Internet can’t really be helped if the other call is not available to be reached on the internal network so the latency can be high causing a delay and this makes the speech take longer or disrupted. This can be more irritating that a threat but there is delay when the VoIP phone is picked up and put down but this can still be enough time, for the call to be intercepted and attacked to steal account details to use the VoIP service.

Where to focus more on VoIP systems?

The current focus for VoIP at the moment is the research in to the security and the protocols and how they are implemented on to the VoIP networks and systems. In order to change the issues with VoIP, the main threats need to be minimise the best possible and the encryption problem isn’t the only security issue that it has to face abut encryption is being given a lot of attention and the other are given distributed attention depending on the risk level the other threats are to VoIP.

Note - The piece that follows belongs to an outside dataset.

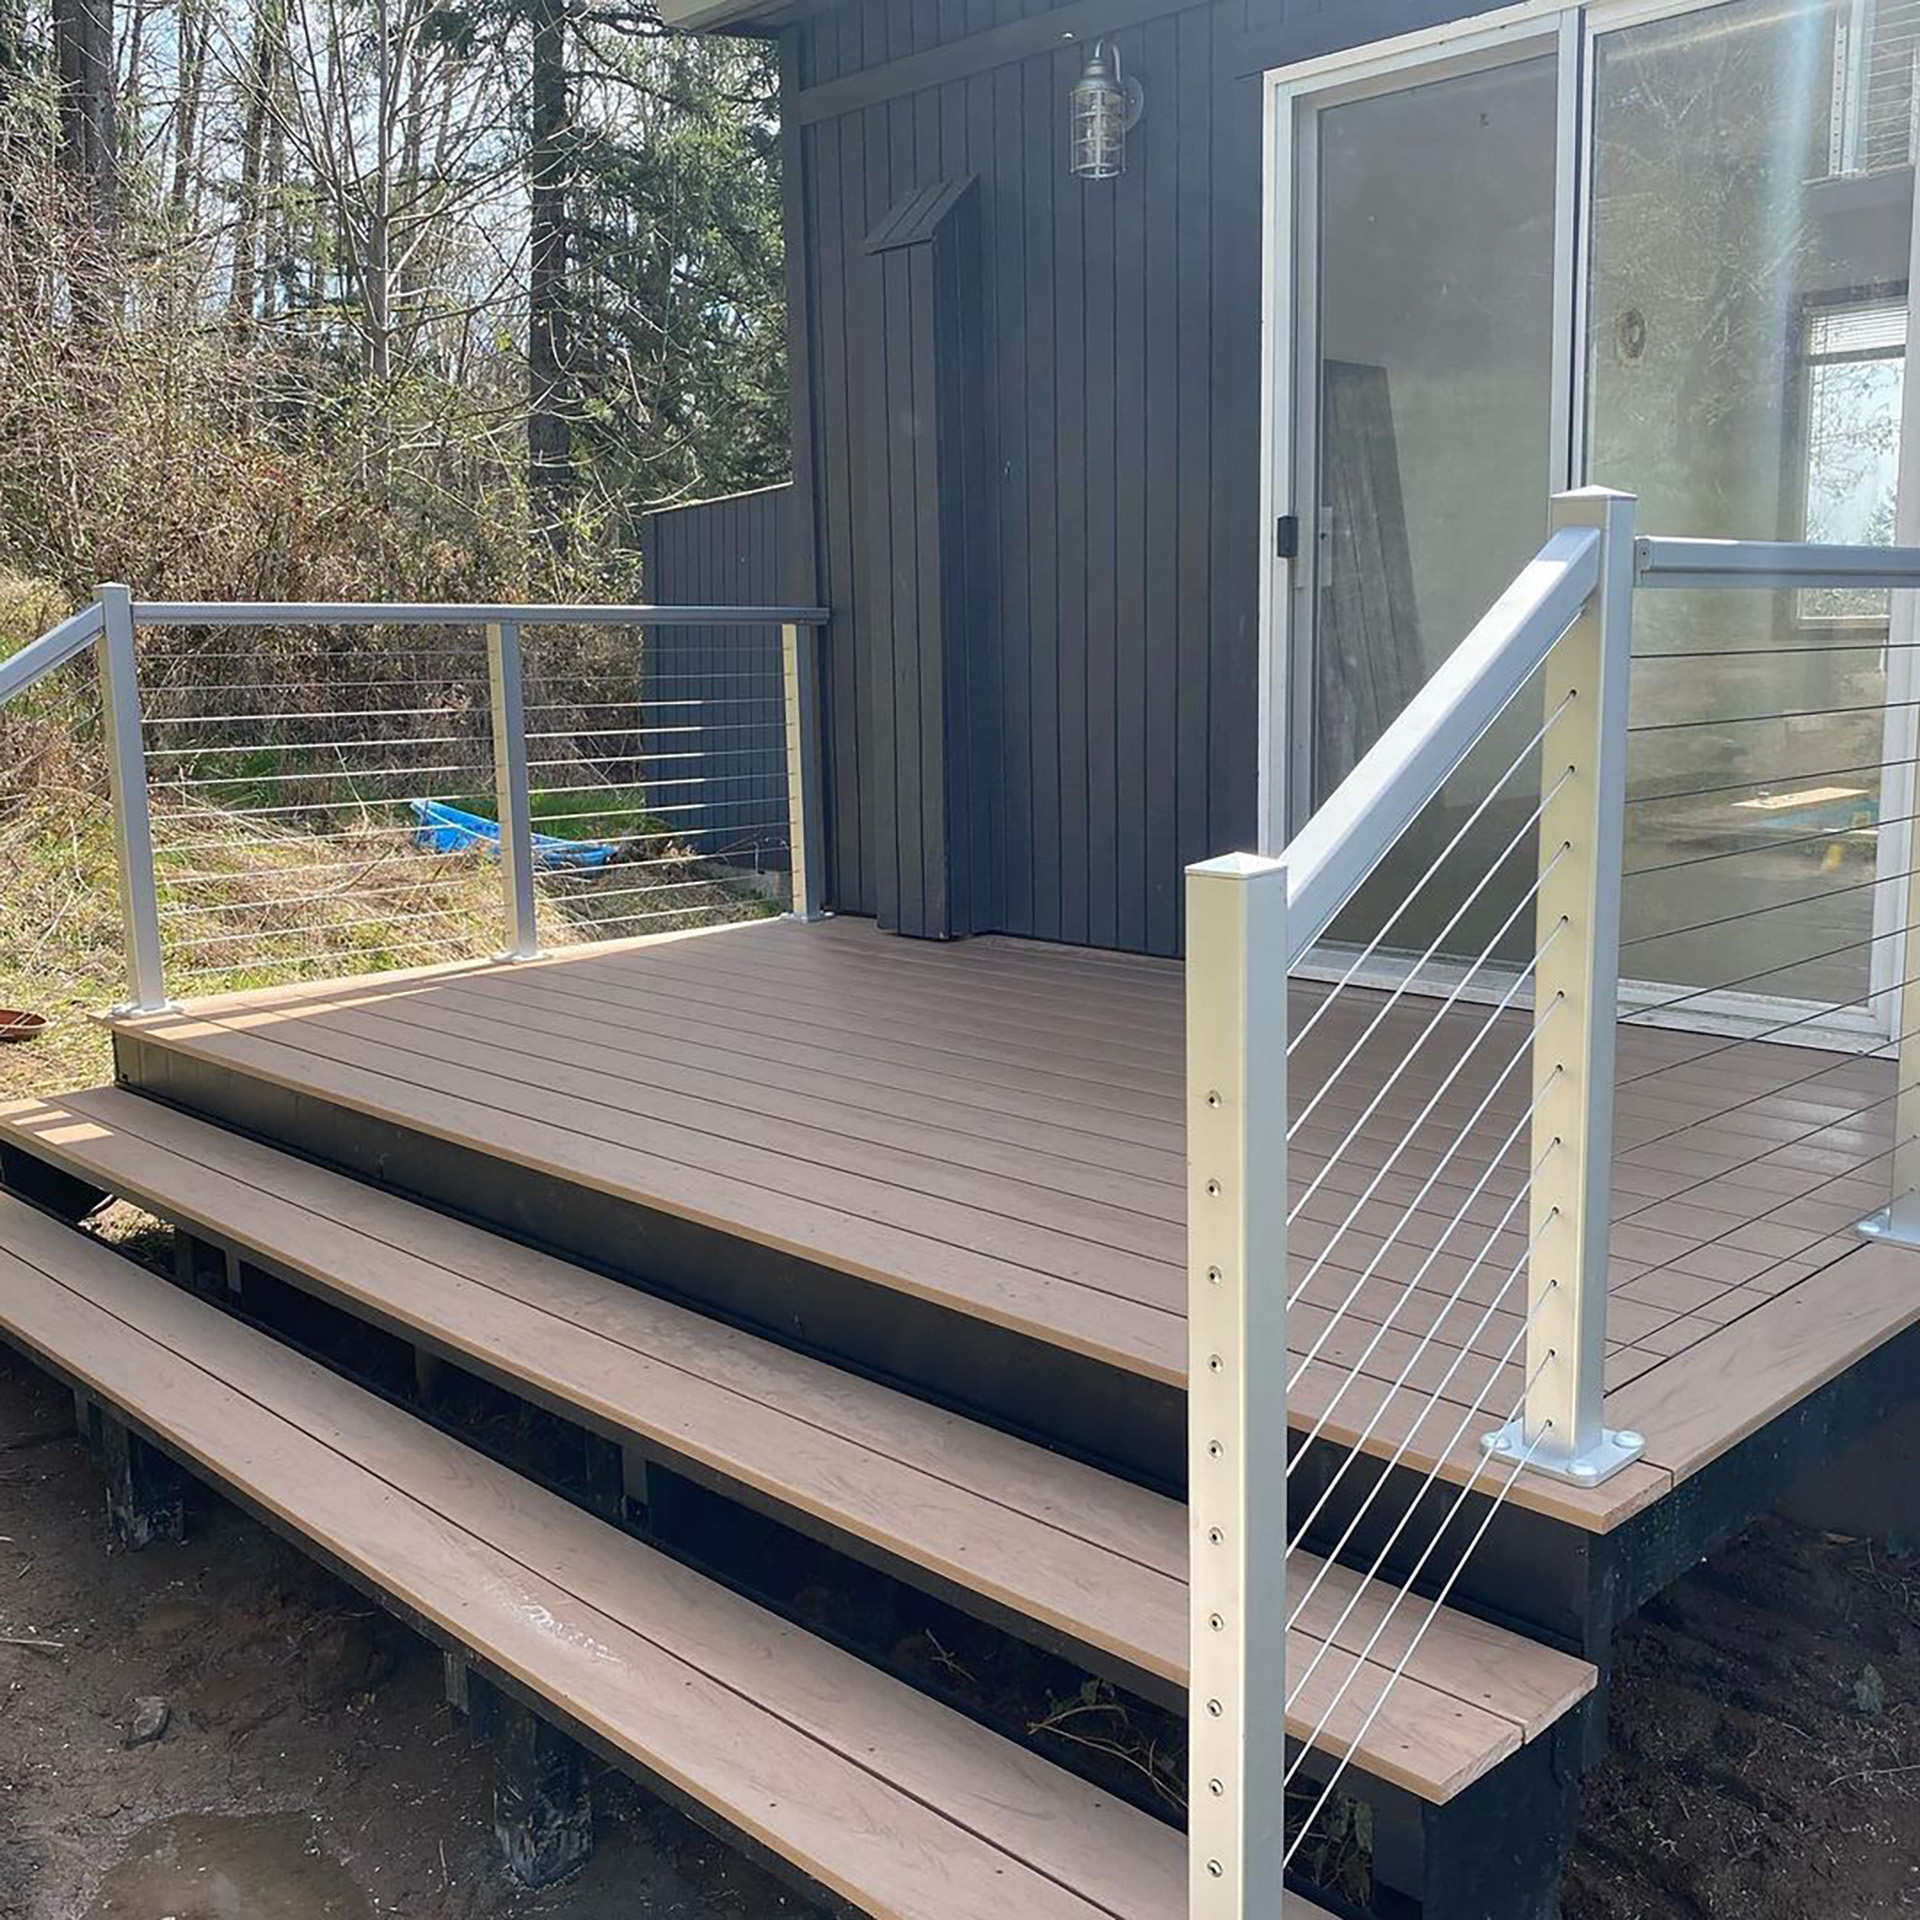 Completed residential deck with steel framing and modern railings.
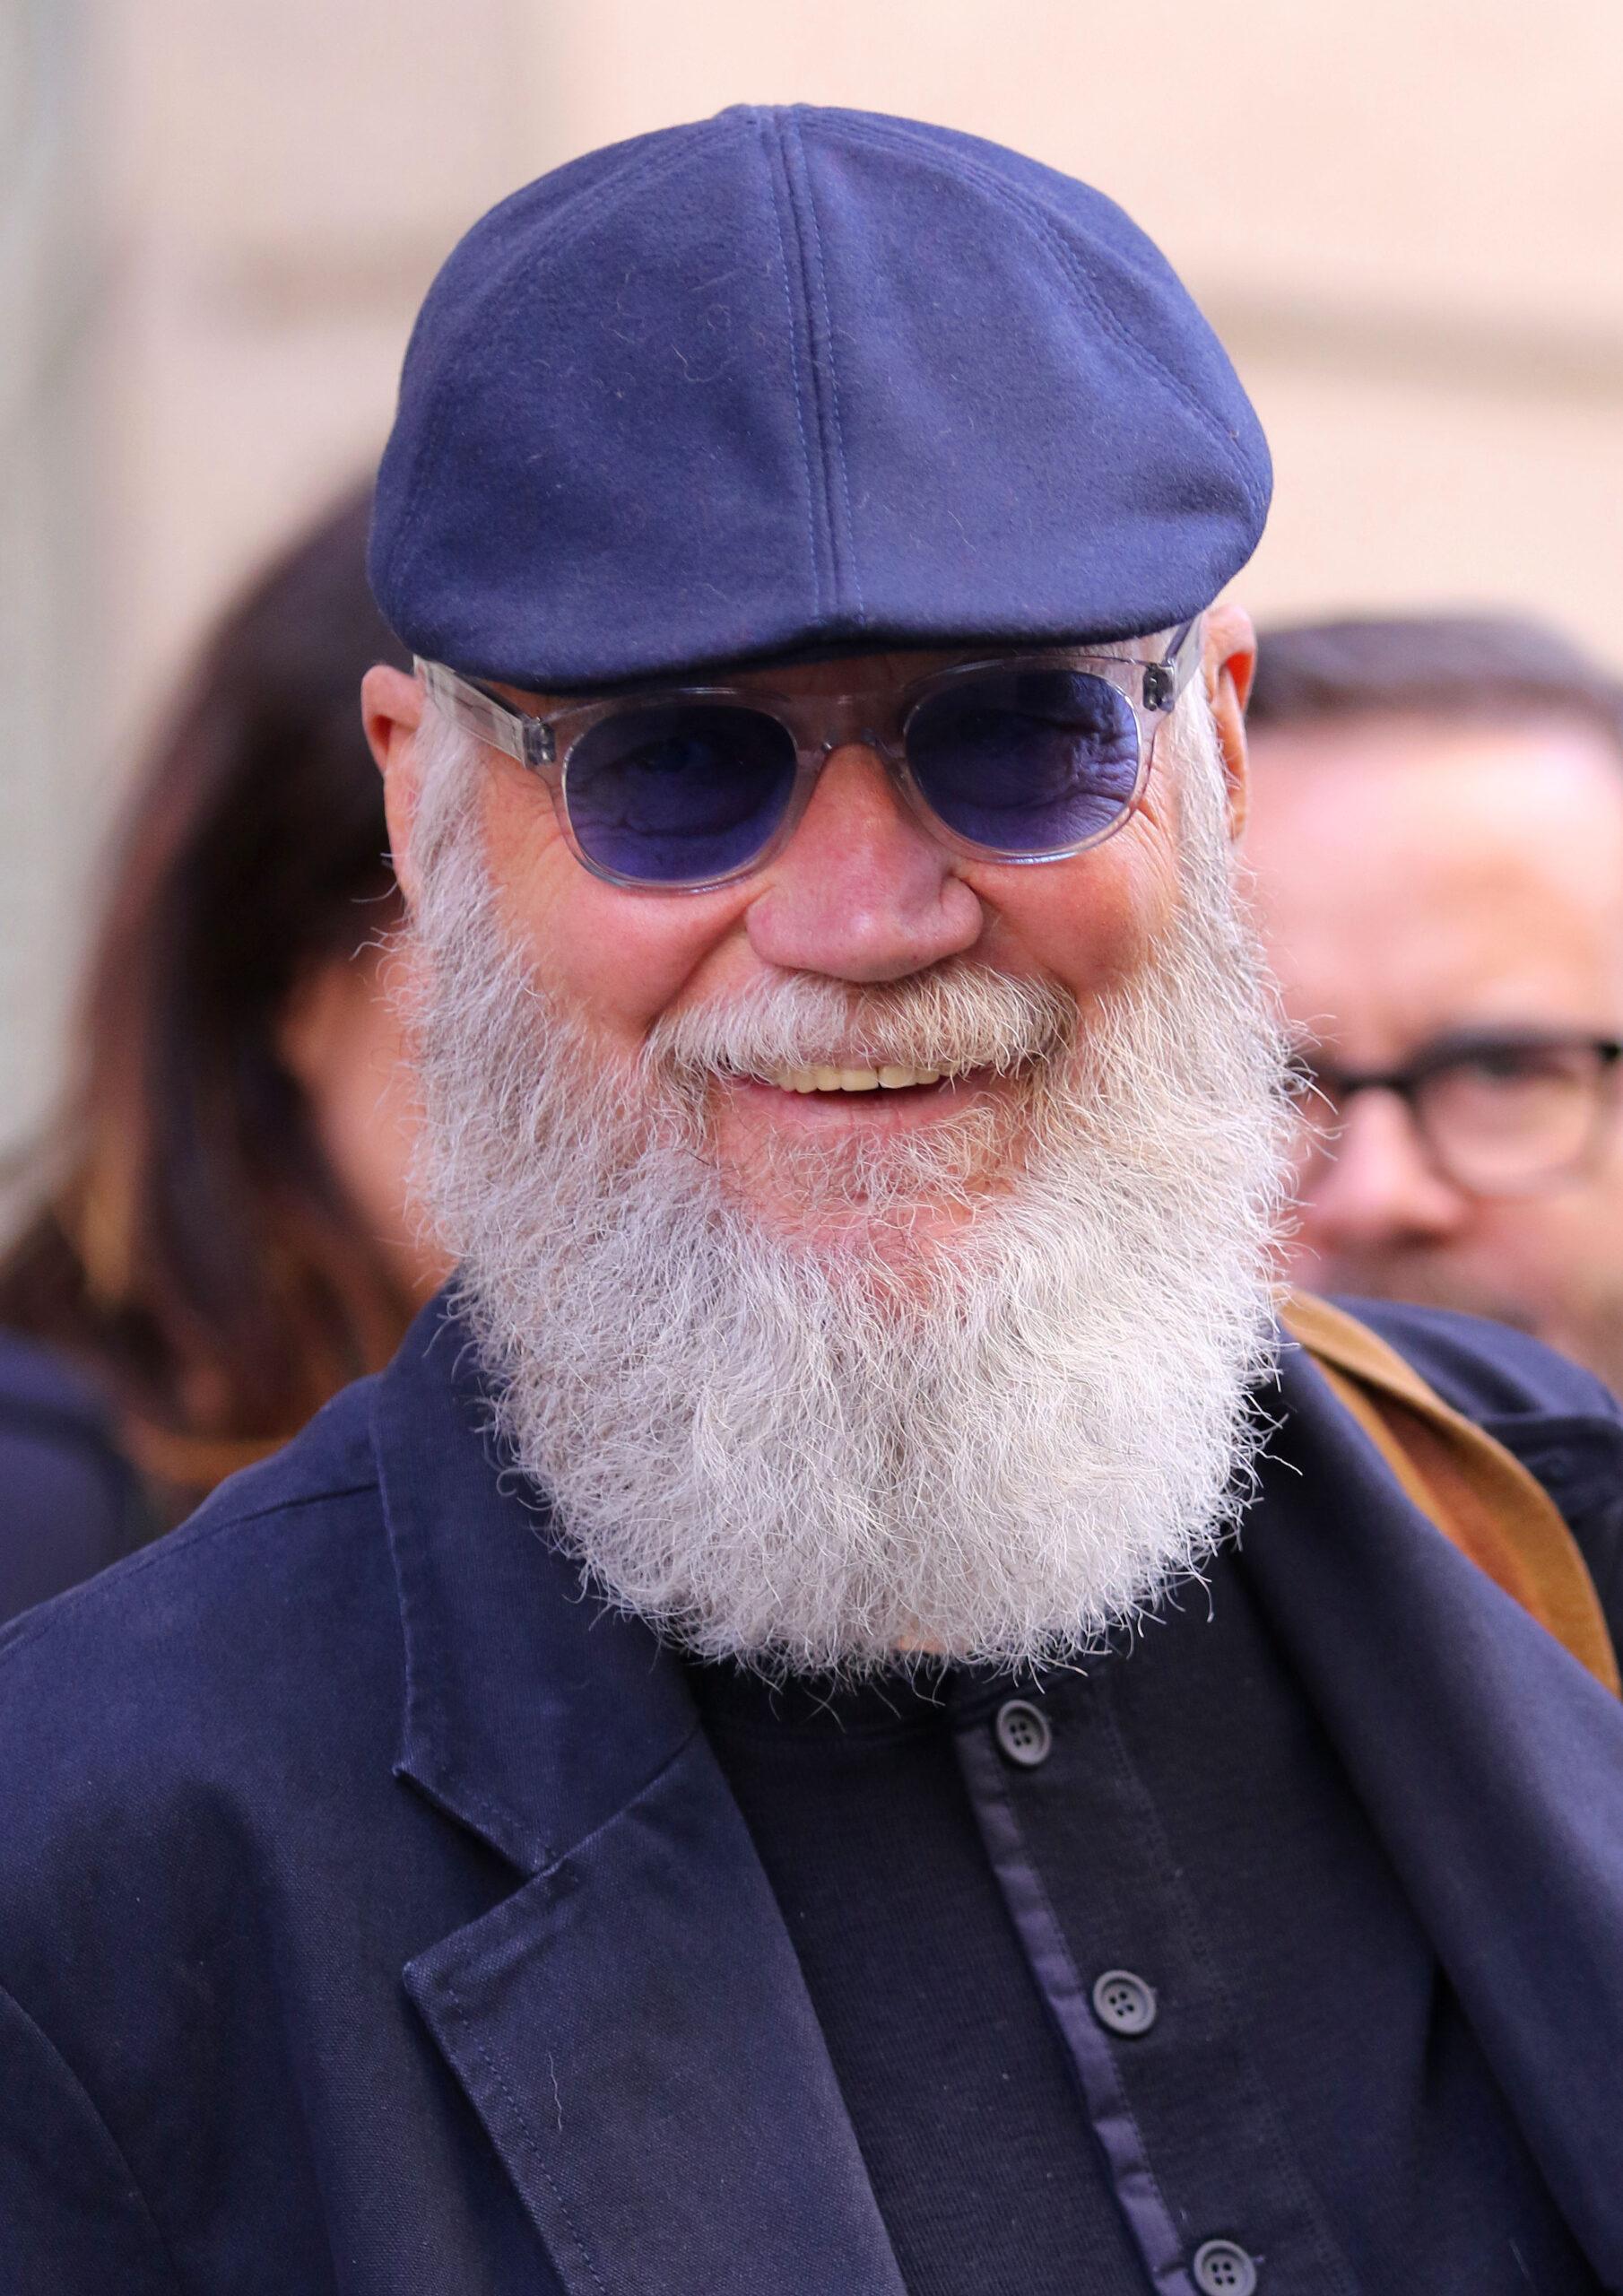 David Letterman looks unrecognizable with full white beard in NYC

More focus is need on software versions and there vulnerabilities so then business both SME and larger can have their devices on more up to date or less dated software on their devices depending on how well and from what aspects of security they want to go for on their network. Also more focus on more tools or a tool than can scan for more common threats in one scan rather than using several of tools to do the searching for risks.

Also the breaking down of the VoIP system to filter out the areas are weak rather than focusing on the whole system in one go to look for vulnerabilities would be better but the process would be longer but more thorough for looking for vulnerability weakness.

Summary

The testing of VoIP for vulnerabilities is always a need even if you think that the network you’re using is safe and secure, due to the mass amount of VoIP’s that are being set, there are becoming to be more and more attackers finding new and different ways to overcome the security of networks and making VoIP networks big or small and making them at risk and racking up huge bills due to unauthorised calls.

Threats listed are still always going to be risk to the networks but hopefully they will be minimised to an extent that they would be really any disruption or costing to businesses.

Then last of all the focus areas on all VoIP features to be looked at will continue to grow due to the ever growing users of VoIP making the every growing population of network attackers trying to attack and make networks at risk.